Google Webmaster Tools is an interesting tool shows rather precisely how Google scans a website. It can alert if it encounters server errors (500), broken links (404) or any other unusual error for links that point to a website. That tool helped me fixing an URL rewriting bug a while ago.
There's also a section called Sitemap, which allows you to provide explicitly a list of urls from your site. This is more of a hint than an order, but that helps to have the content being indexed a bit more quickly.
To have my content displayed in multiple languages, namely English, French and Spanish, I tried multiple techniques, one being the use of the automatic culture selection of ASP.NET. This is fine when a "real" user is browsing a site, but for the indexing this is not effective. The automatic culture is based on the accept-language HTTP header, which is not set by the google crawler... Google then only indexes the default language, which is English for me.
Then I tried the HTTP query parameters, by adding a &lang=fr-FR at the end of each page. Well, that not good enough either, since it seems that Google is not indexing dynamic content pretty well.

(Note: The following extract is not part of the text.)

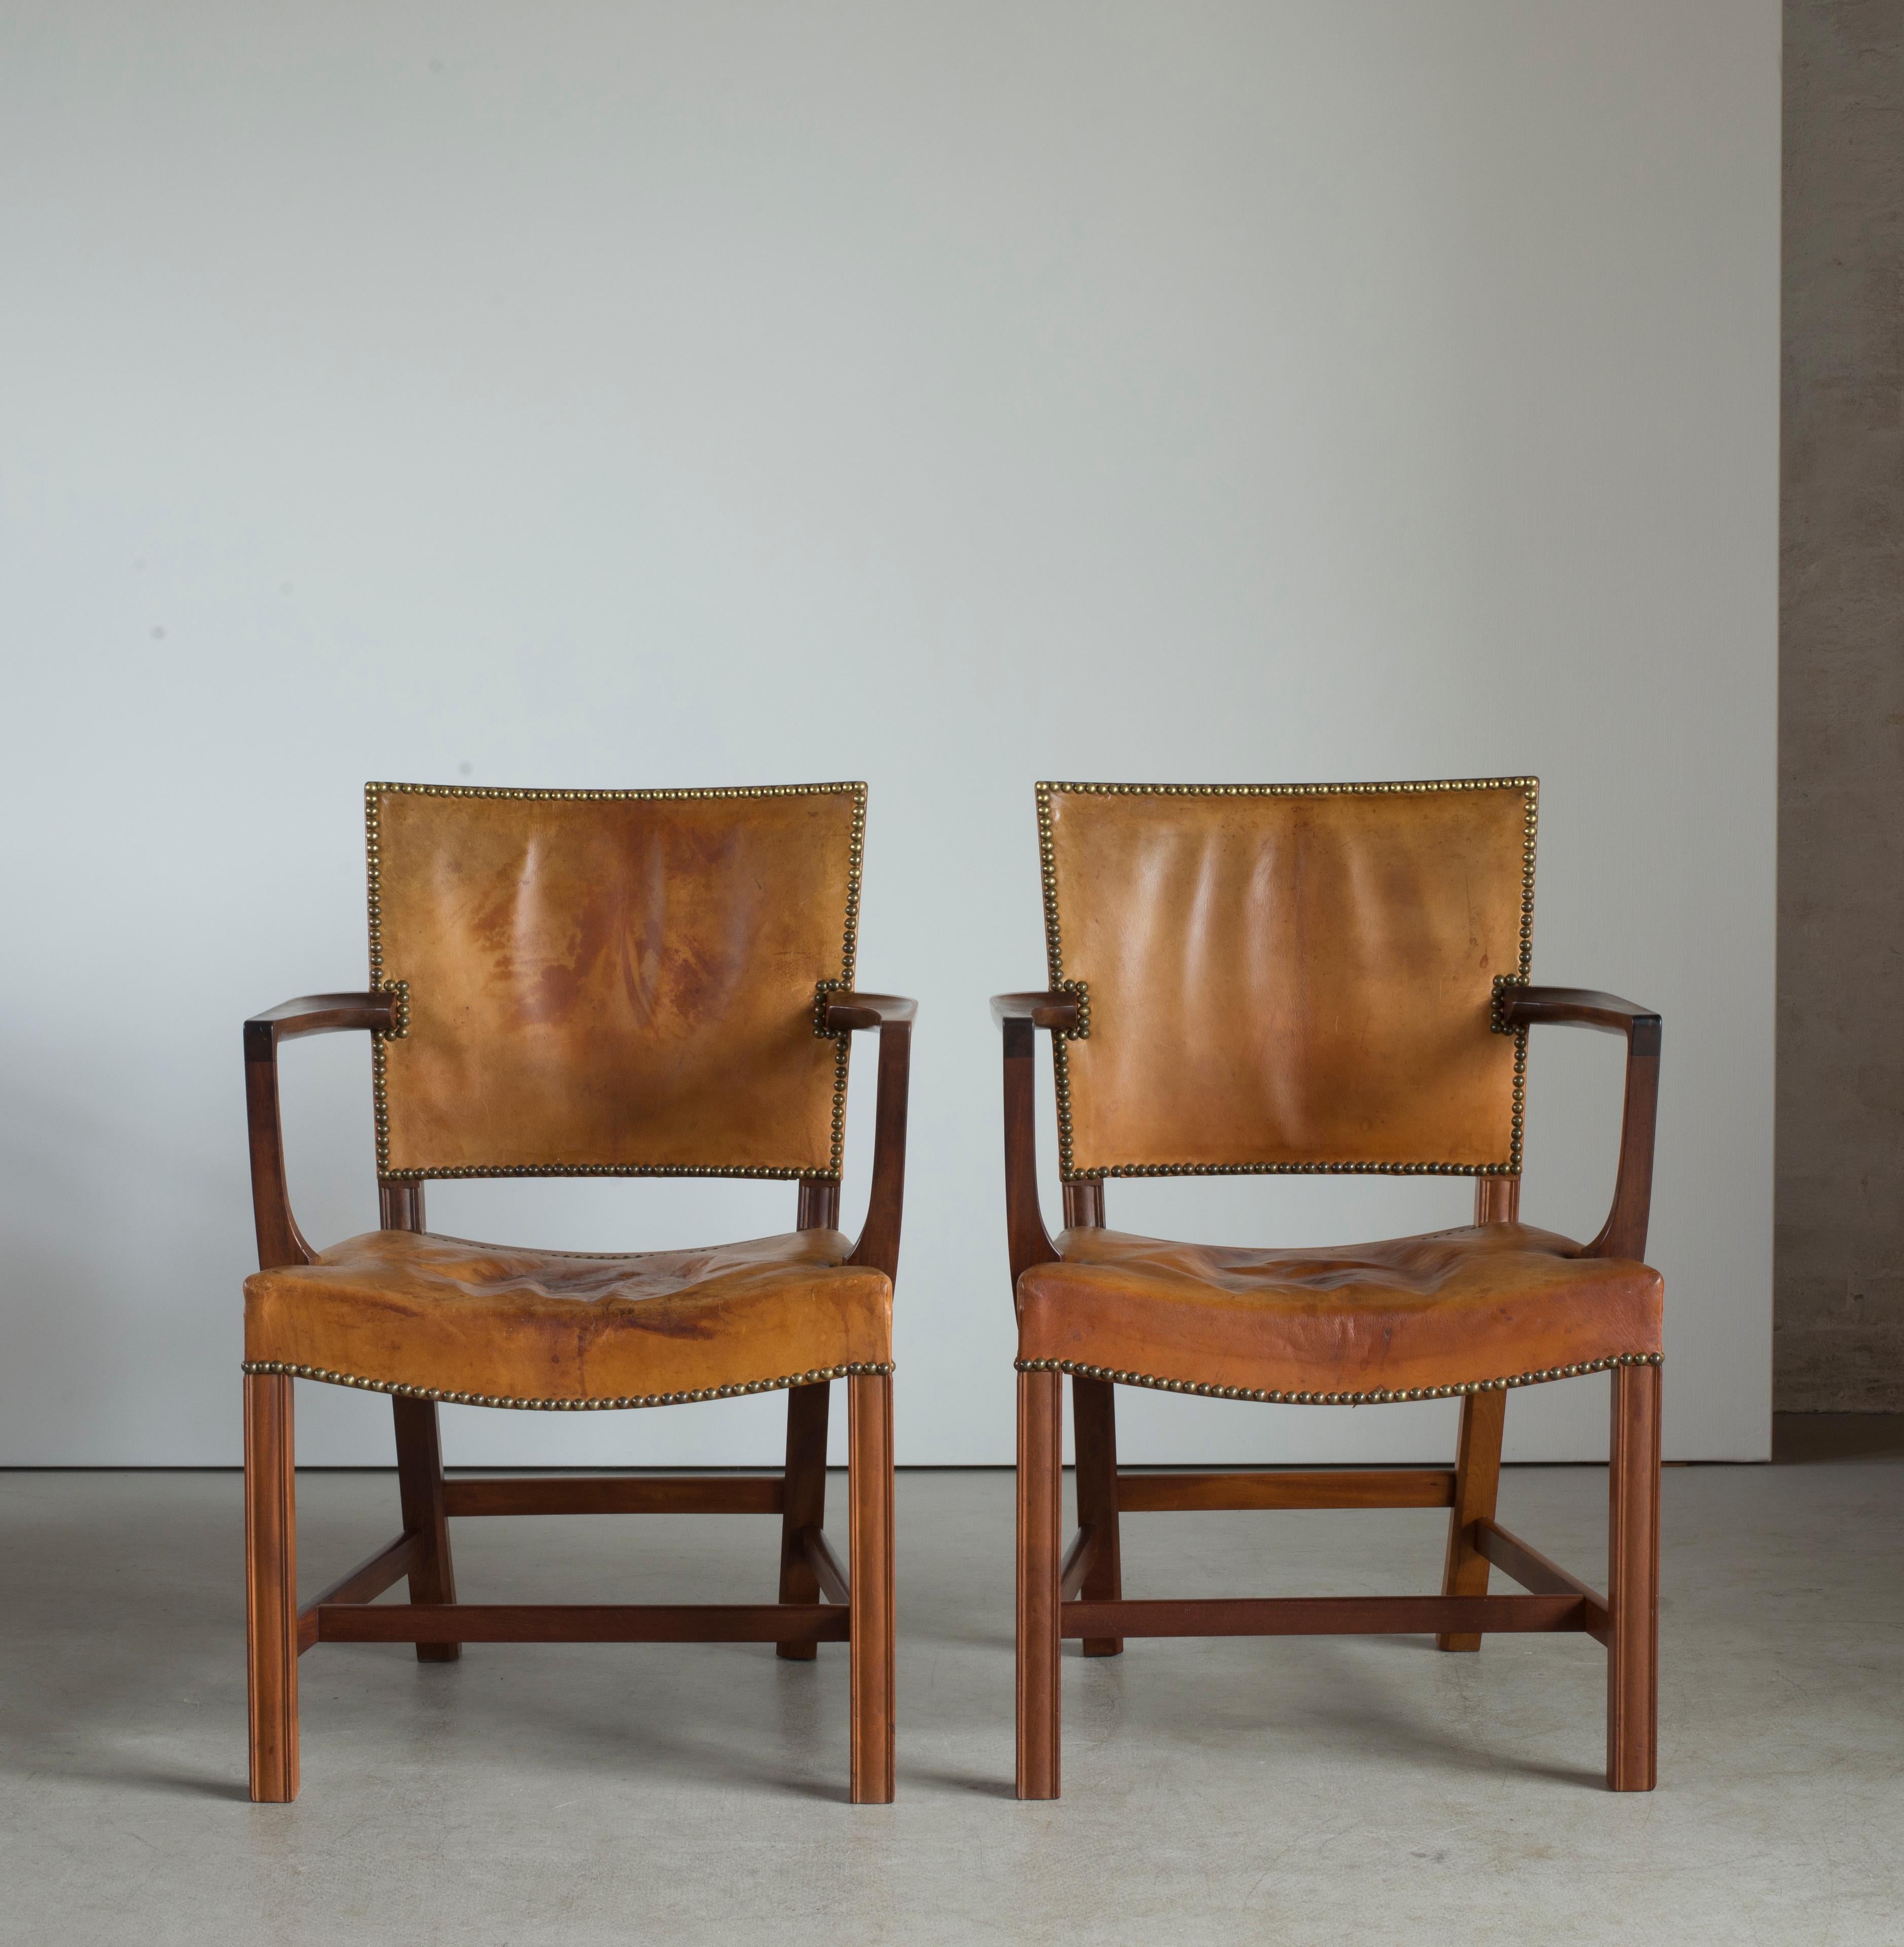 Pair of Kaare Klint armchairs in Cuban mahogany and Niger leather. Executed by Rud. Rasmussen, 1930s.

Reverse with paper label ‘RUD. RASMUSSEN/SNEDKERIER/45 NØRREBROGADE/KØBENHAVN.

Finally, I tried adding the culture just before the aspx extension (default.fr-FR.aspx), which "fools" google into thinking this is static content. This is an extension of the url rewriting technique I use to have my urls containing the titles of my blog posts.
This time it worked! I have my remote control page listed in the first page of Google France and Spain with "Bluetooth Remote Control" query. Also, to make sure that I have links to each and every language available without explicitly placing them in the sitemap, I also placed "language" flag image links at the top of each page. This is not useful for real users, since culture will probably be selected correctly in the first place, but it'll help indexing.
I also noted that having Hn HTML tags improves indexing. Search engine rank optimization is a strange and obscure science... :)
PS. : Sorry for the bad spanish language, it's a raw Google translator cut and paste. I'm in the process of having the text checked by a spanish speaker :)